• **AVAILABLE DATA**
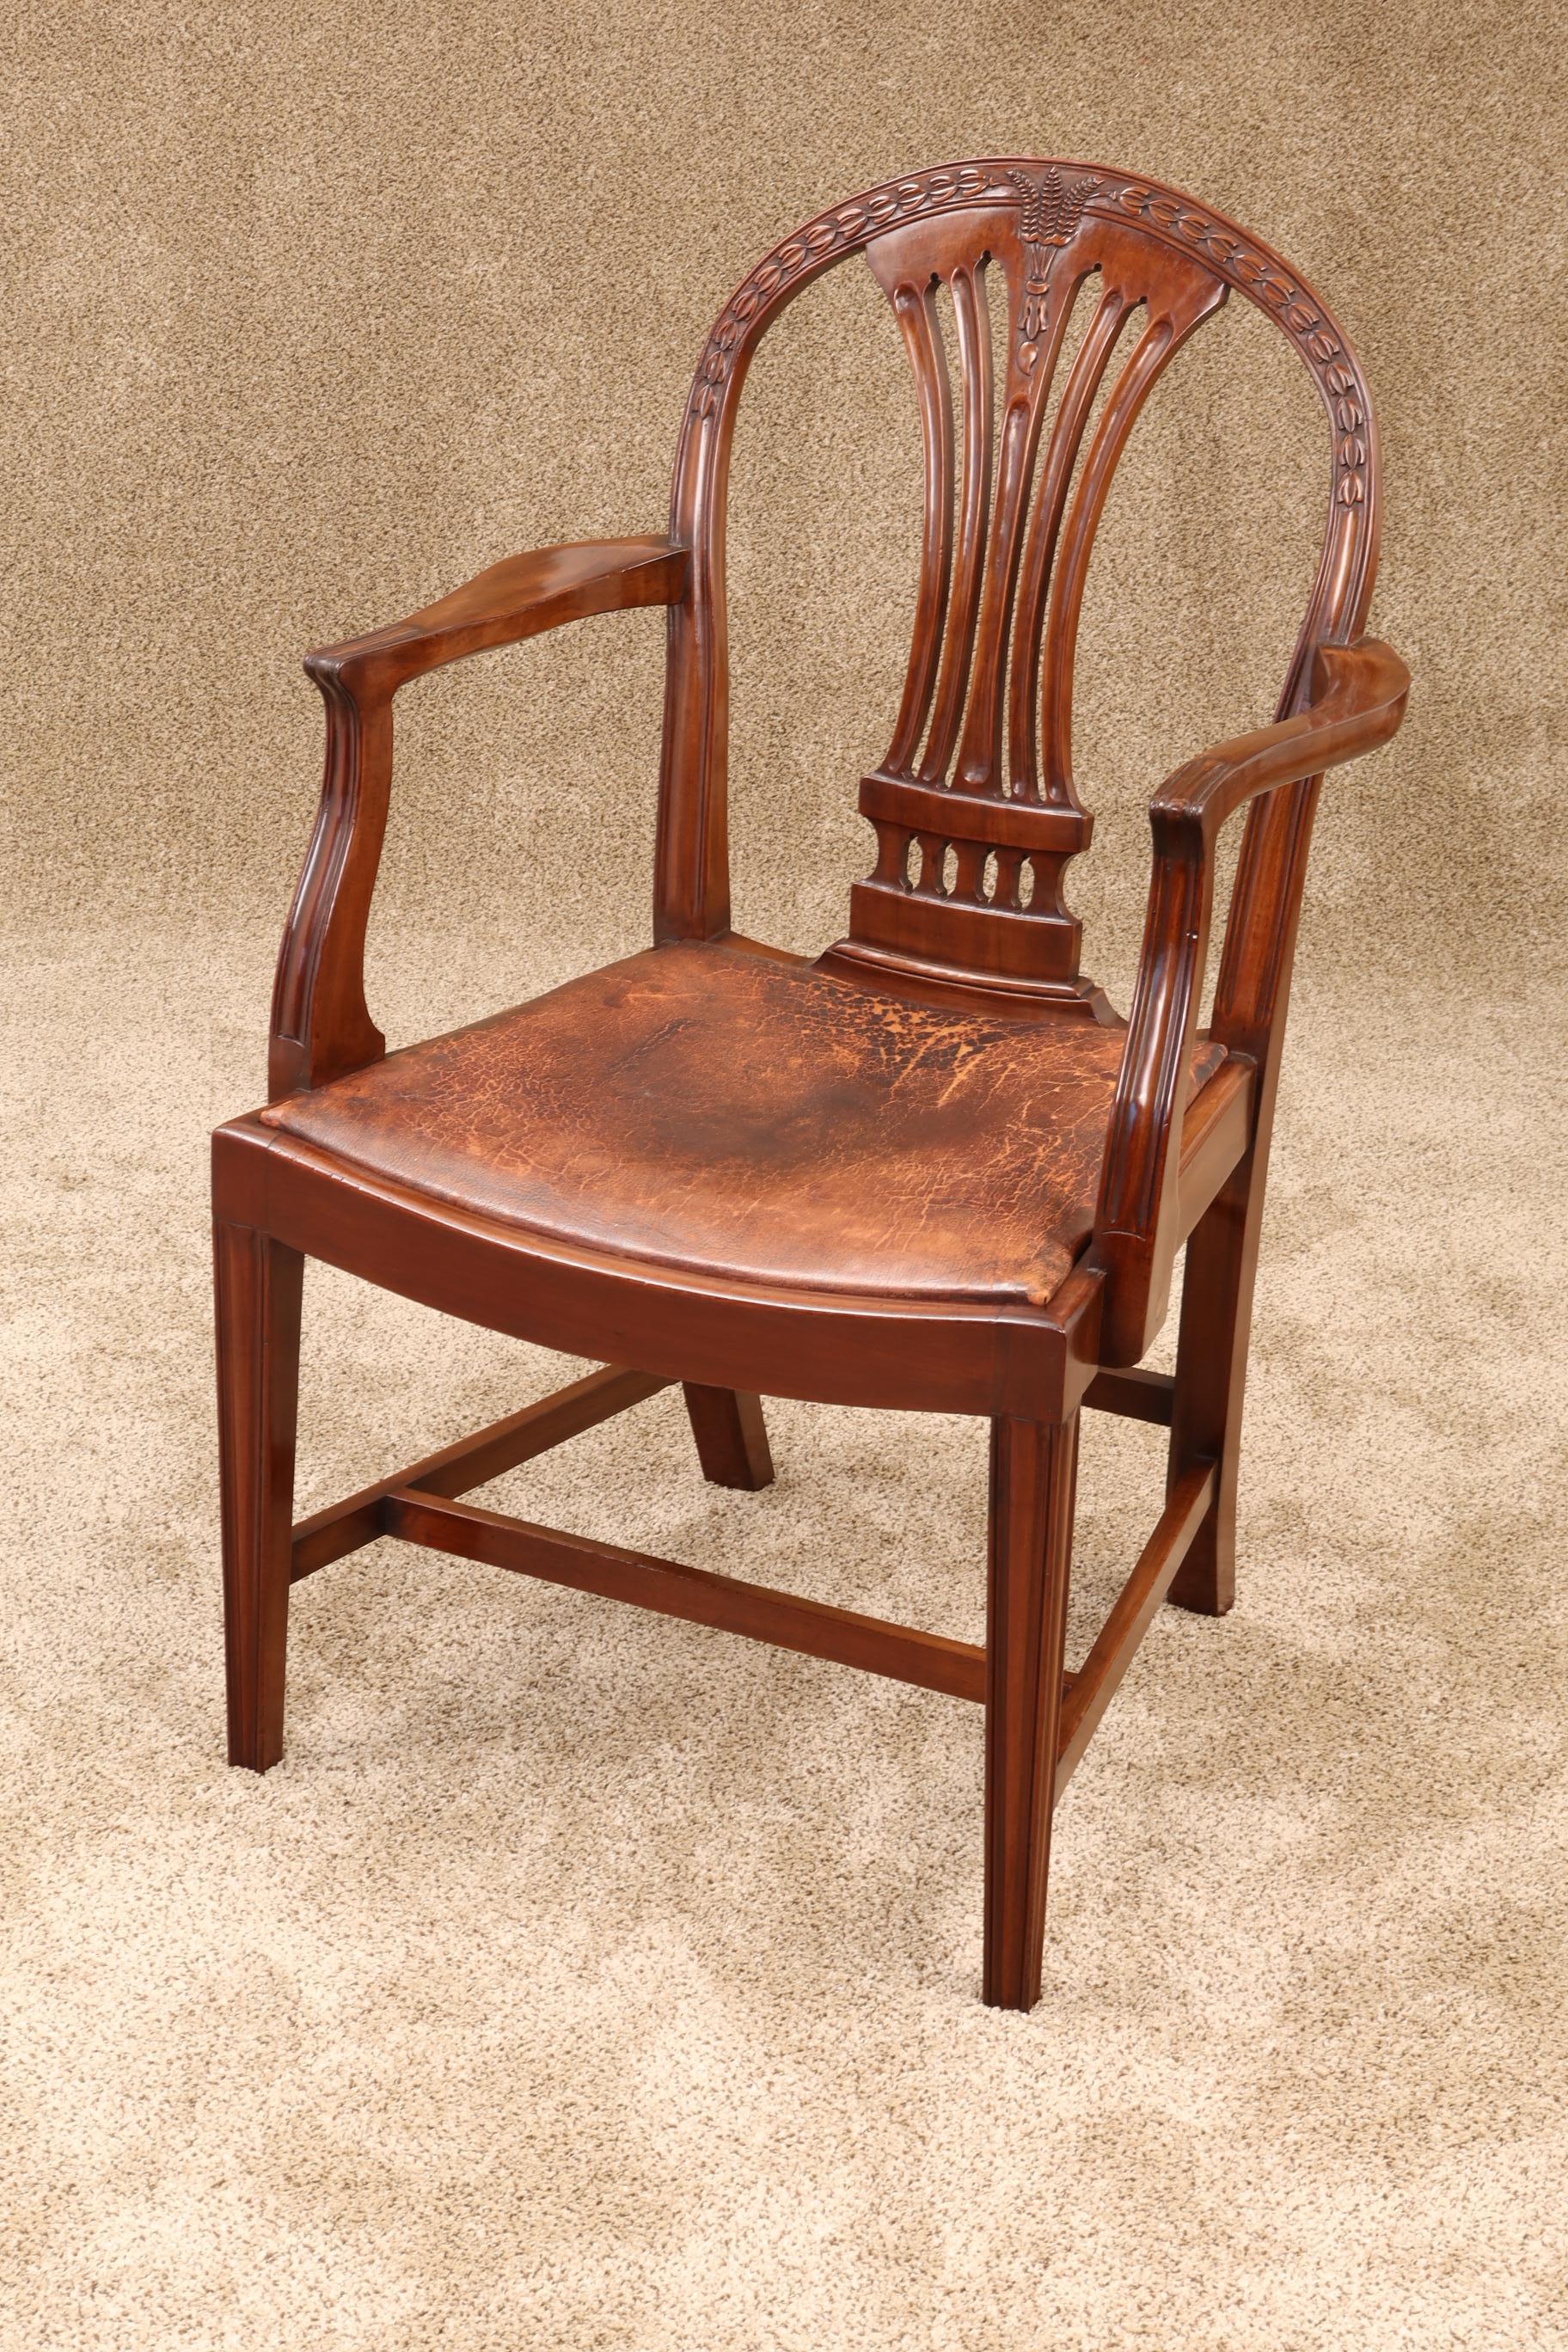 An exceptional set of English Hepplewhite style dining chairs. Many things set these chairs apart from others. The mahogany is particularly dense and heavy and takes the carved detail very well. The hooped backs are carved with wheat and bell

---

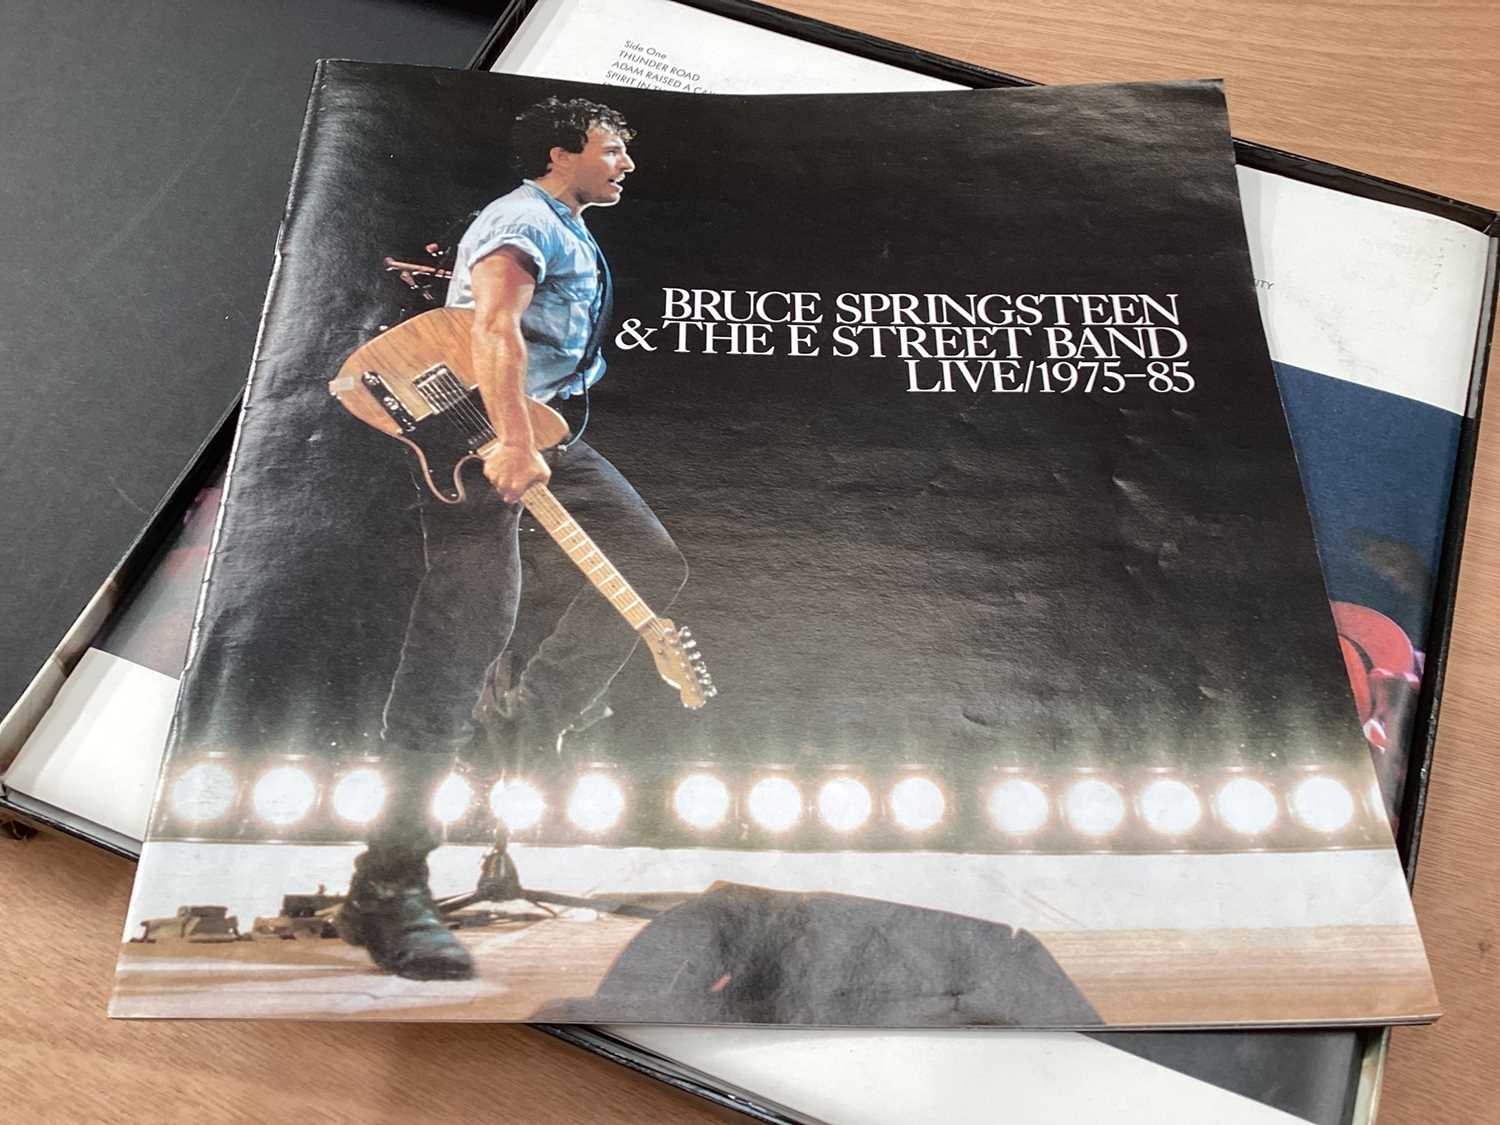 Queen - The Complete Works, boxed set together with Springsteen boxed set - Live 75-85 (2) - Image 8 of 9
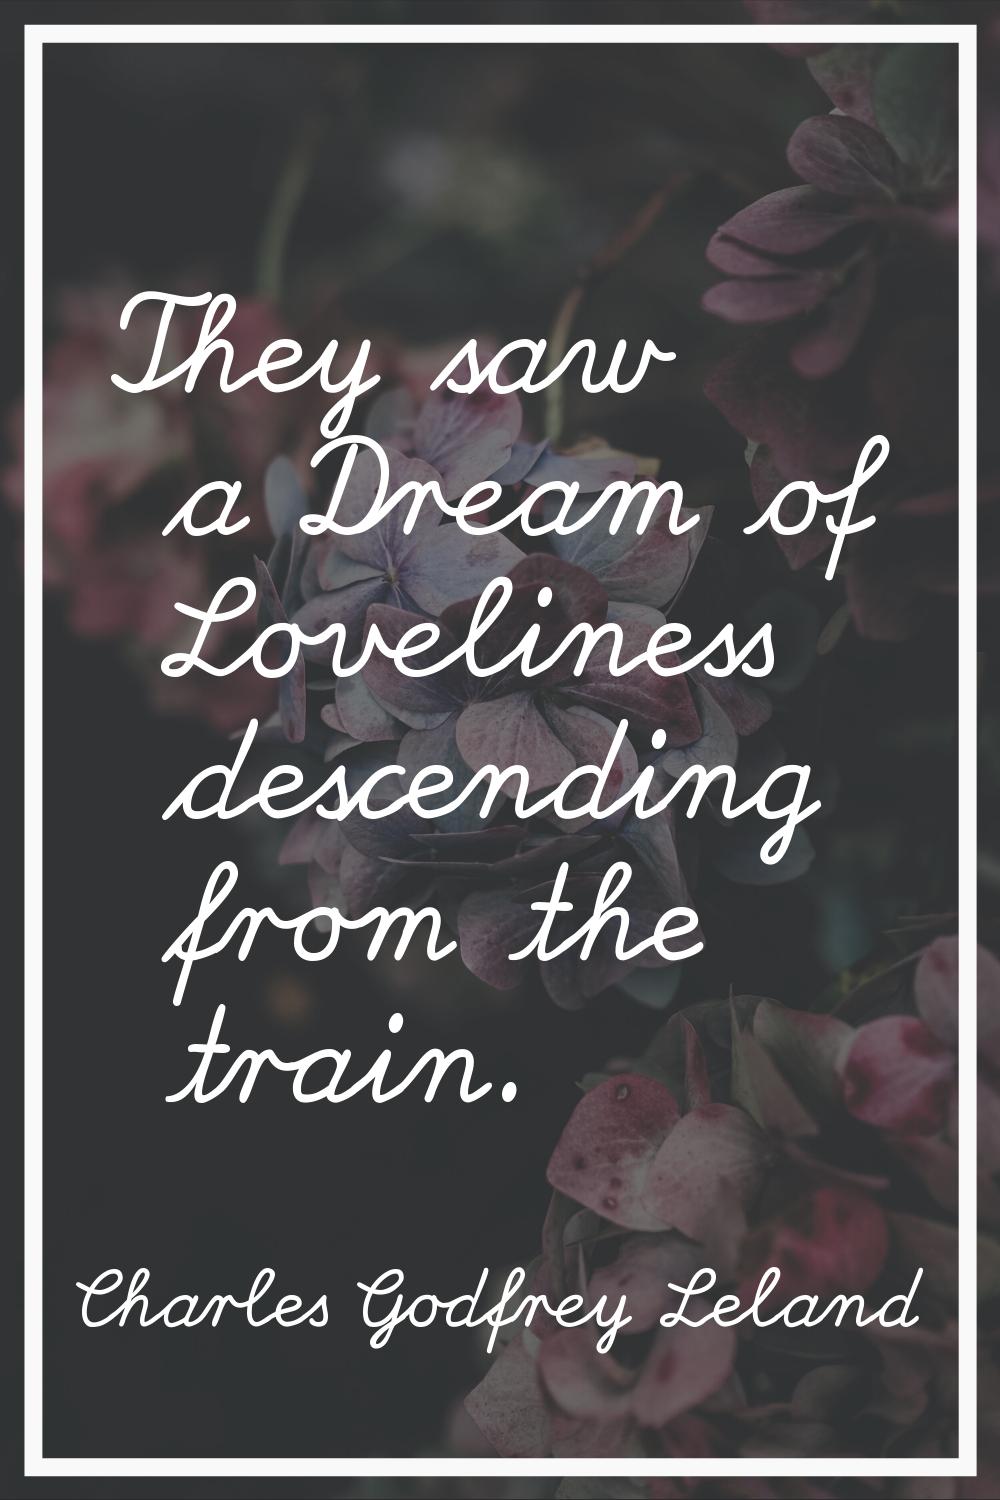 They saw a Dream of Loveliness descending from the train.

...

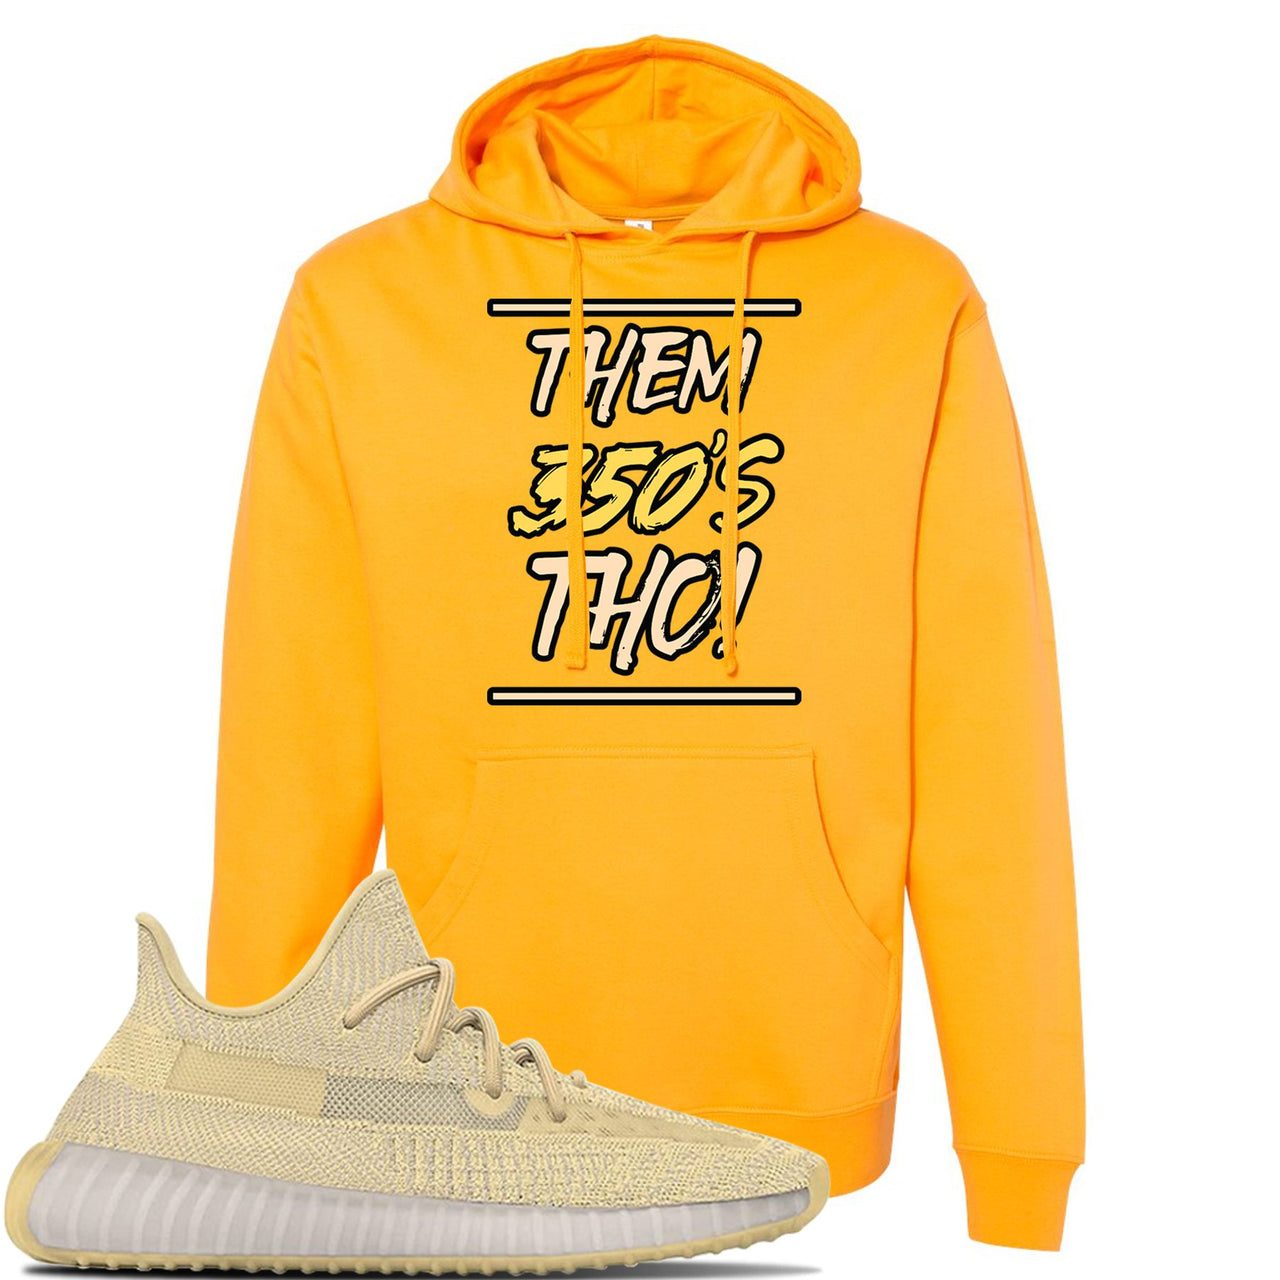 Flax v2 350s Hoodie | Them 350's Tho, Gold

• **TASK ITEM**
Working from the entries above, please transcribe only the lines from the line with "Queen - The" through the line with "They saw a Dream", exactly, with both end lines and without pictures.

• **OUTPUT OF THE TASK**
 Queen - The Complete Works, boxed set together with Springsteen boxed set - Live 75-85 (2) - Image 8 of 9
 They saw a Dream of Loveliness descending from the train.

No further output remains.